In this case, the Singapore Court of Appeal has considered whether the assured has satisfied the burden of proving the cause of loss under a marine cargo insurance policy in circumstances where there was no direct evidence of when or where the loss had occurred.
In September 2017 and May 2018, the company Sizer entered into two contracts with Excellent Mining in Rwanda for the purchase of nine shipments of tin concentrate to be delivered to Penang.
Sizer took out marine cargo insurance cover with Chubb under the terms of the Institute Cargo Clauses (A), whereby there was an all risks cover, the risk attaching “from the time the goods leave the warehouse or place of storage” until delivery. Therefore the cargo was insured only for the period after the commencement of the transit (“the Transit Period”).

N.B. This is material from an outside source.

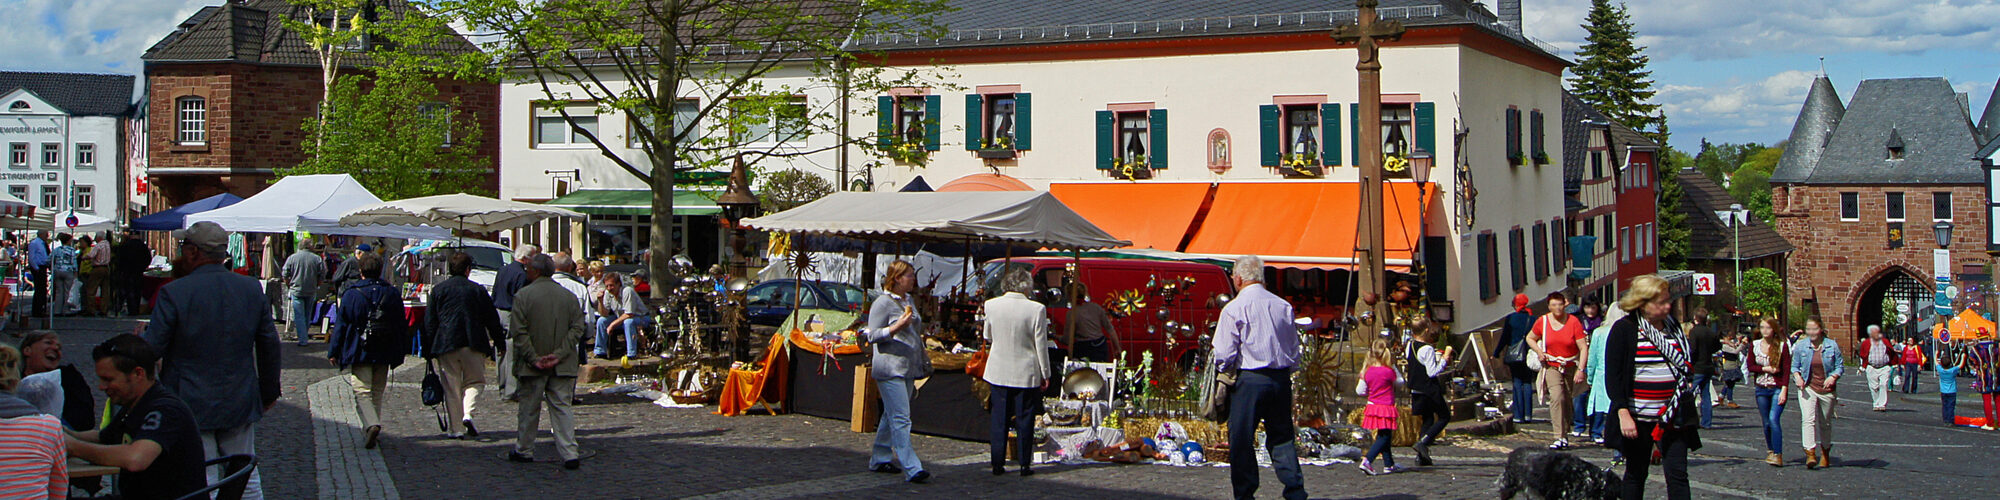 Marktplatz Nideggen

On arrival at the destination, four of the shipments were found that did not contain tin concentrate. There had been a theft either at Excellent Mining’s premises in Rwanda or during the transit by road to a bonded warehouse in Kigali, Rwanda, before the cargo was transported to the port of Dar as Salaam for shipping to Penang, Malaysia.

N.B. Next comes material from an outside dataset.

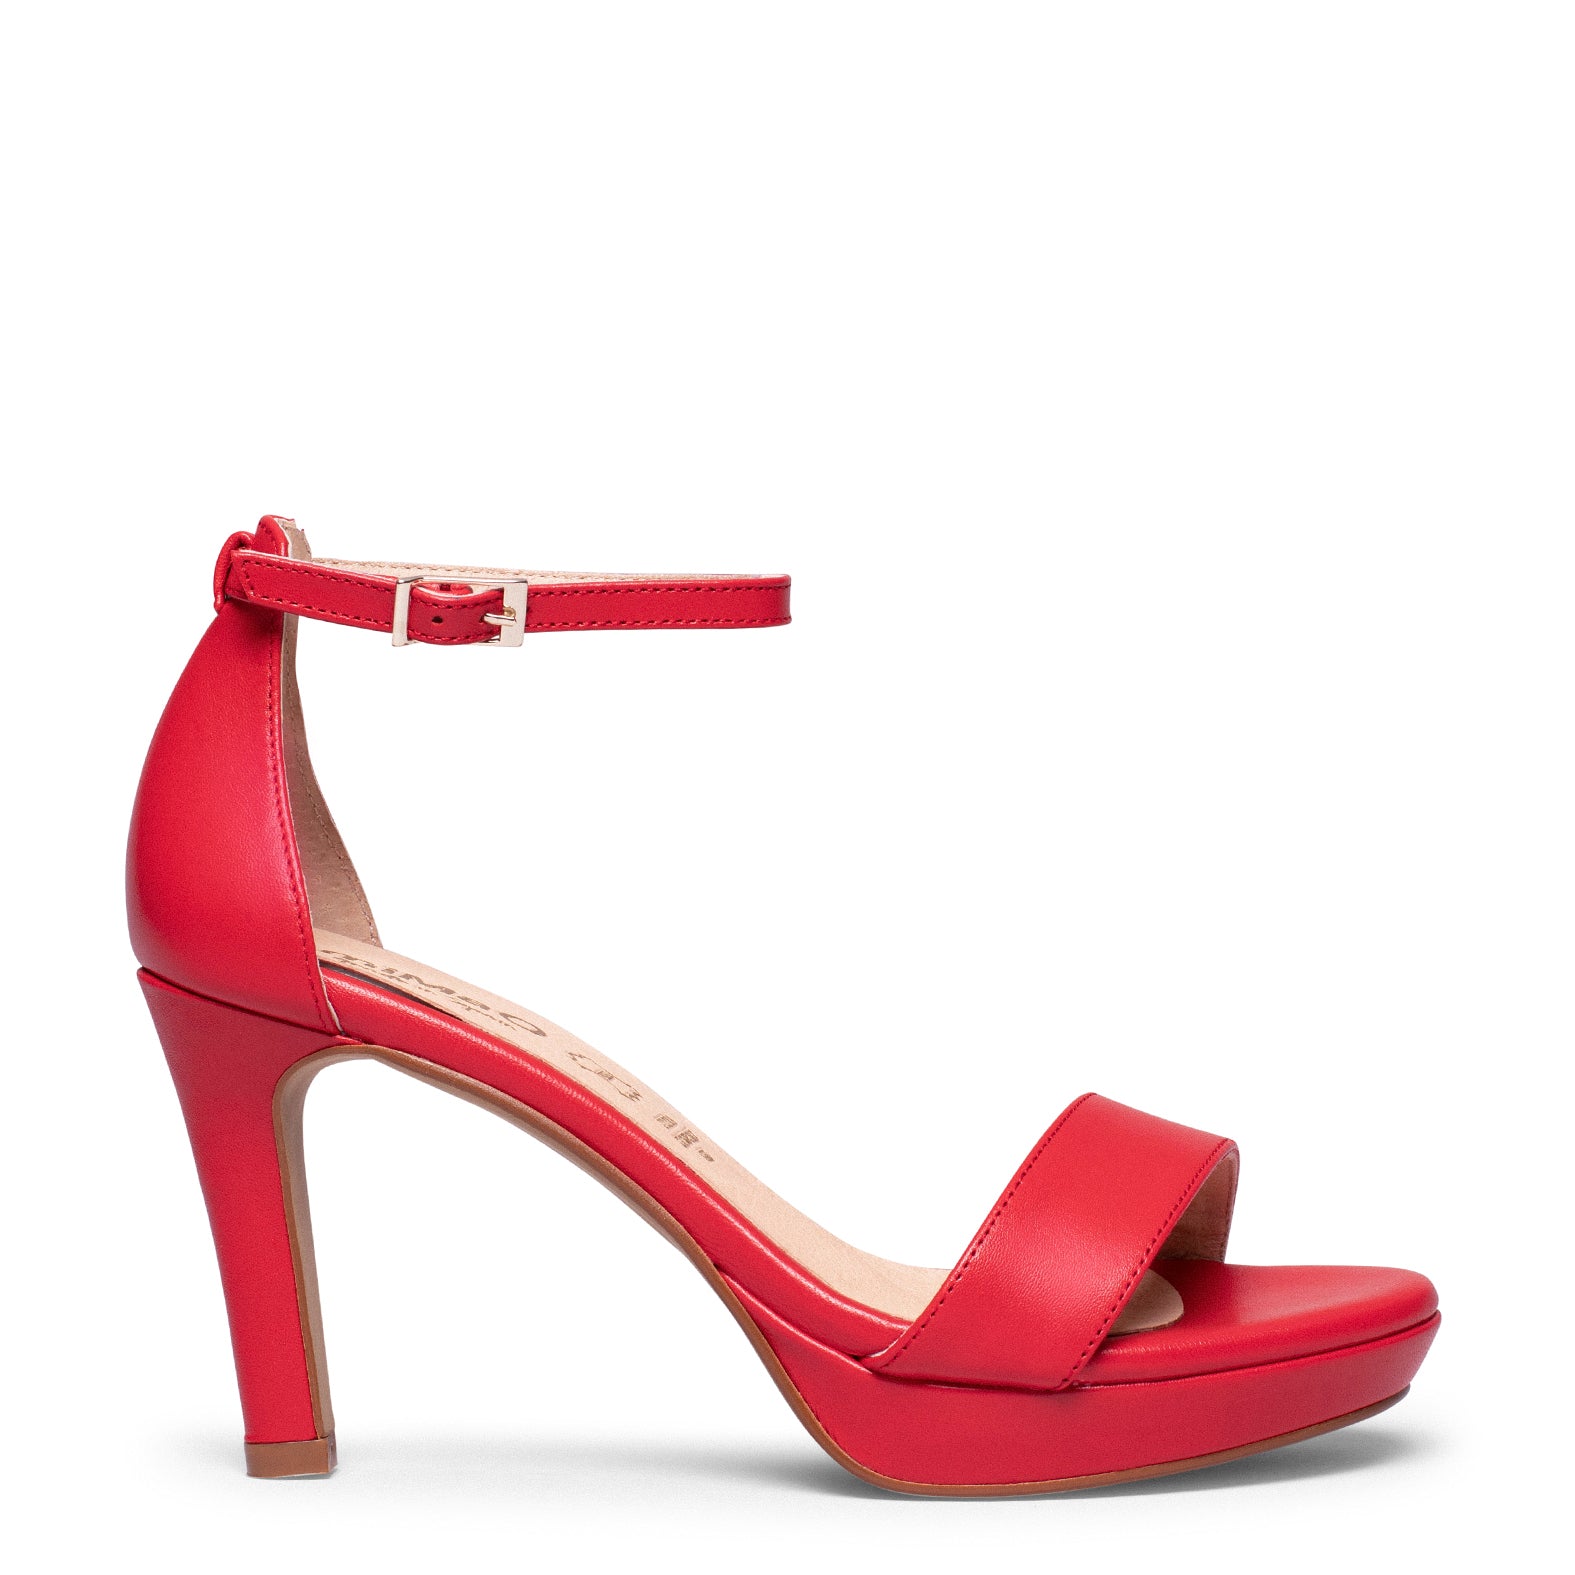 PARTY – RED high-heeled platform sandals

A dispute arose between the assured Sizer and the insurer Chubb regarding as to whether the cargo was lost before or during the course of transit. According to the Institute cargo clauses (A), the burden of proof is on the assured to show fortuitous loss or damage to the subject matter insured occurring within the duration of the policy. In the present case, the issue was as to whether the assured had satisfied the burden of proof on the balance of probabilities that the theft had occurred during the transit.
The assured’s case was that the theft of the cargo had occurred during the Transit Period from Rwanda to Malaysia, i.e., after the cargo left the seller’s premises. The assured relied on two pieces of evidence:
- The fact that at the seller’s warehouse, none of the representatives who had checked the tin concentrate had noticed any tampering with the sealed drums.
- The National Public Prosecution Authority of Rwanda investigated the theft and concluded that it did not take place in Rwanda.
The Court of Appeal upheld the first instance decision that Sizer had satisfied the burden of proving that the loss had occurred in transit, at some point after the consignments had left Excellent Mining’s premises in Rwanda and before the cargo had reached Dar es Salaam.
Sizer had demonstrated that there was no serious possibility that the theft could have taken place on Excellent Mining’s premises, and by applying a process of elimination, Sizer had demonstrated that the loss would have occurred in transit. On the other end, Chubb had been unable to produce evidence confuting that possibility.
The Singapore Court of Appeal clarifies how far an assured must go to prove its loss on a balance of probabilities under a marine cargo insurance policy. In this case, the assured was able to satisfy the burden of proof and recover the loss under the insurance policy, even if there was no direct evidence of when or where the loss had occurred. By applying a process of elimination, the assured was able to show that the theft could not have occurred on Excellent Mining’s premises, and thus it had occurred in transit.
No doubt a welcome decision for assureds of marine cargo insurance policies.